Optimal control approach to solving the muscle redundancy problem. Code expanded on from the original SimTK project by Freidl De Groote, B.J. Fregly, Antoine Falisse, and Maarten Afschrift (located here: https://simtk.org/projects/optcntrlmuscle.) Additional software required as described in the included Manual. For a more detailed description of the general problem being solved, please refer to the associated paper:

Authors: Nick Bianco, Rachel Troutman, Chris Dembia

All examples within the Examples/SoftExosuitDesign subdirectory were created for the Stanford course ME485: Modeling and Simulation of Human Movement. A webpage containing results and analysis of this project can be found on the OpenSim documentation site: http://simtk-confluence.stanford.edu:8080/display/OpenSim/Simulation-based+soft+exosuit+design.

For this project, the following MATLAB m-files were either created or modified:

  1. Problem files These files call SolveMuscleRedundancy_lMtildeState to execute a particular predefined optimal control problem. If the examples included with the SimTK project run on your machine (i.e. OpenSim downloaded, GPOPS-II/Adigator installed, etc.), these examples should run out of the box.

Quinlivan2017.m -- This problem attempts to replicate the study in [2] using the Gait2354 default model and data set that is packaged with the OpenSim distribution.

HipAnkle.m -- This problem modifies the Quinlivan2017.m problem by optimizing for both the tradeoff between assistive moments at the hip and ankle and for the device control signal.

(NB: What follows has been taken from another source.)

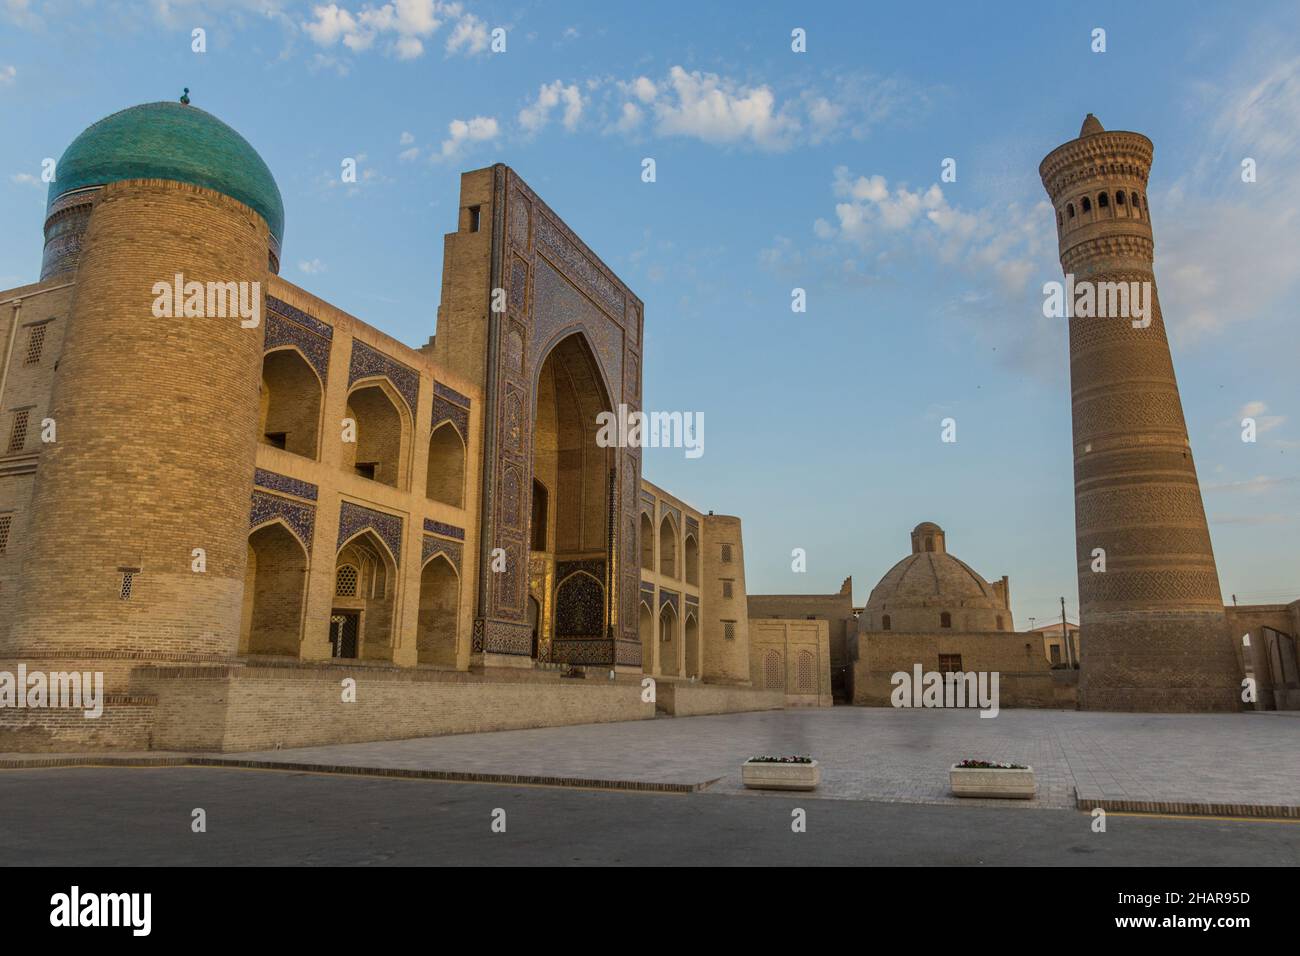 BUKHARA, UZBEKISTAN - APRIL 30, 2018: Mir-i-Arab Madrasa and Kalan minaret in Bukhara, Uzbekistan Stock Photo

HipKneeAnkle.m -- This problem is similar to the HipAnkle.m problem, where now the optimization is free to choose assistive knee flexion or extension moments.

HipExtHipAbd.m -- This problem is similar to the HipAnkle.m problem, except now the tradeoff is optimized between hip extension and hip abduction assistance.

HipAnkleMass.m -- This problem is similar to the HipAnkle.m problem, except now assisting a particular joint incurs a mass penalty associated with the relationship presented in [3]. This problem is currently a work-in-progress.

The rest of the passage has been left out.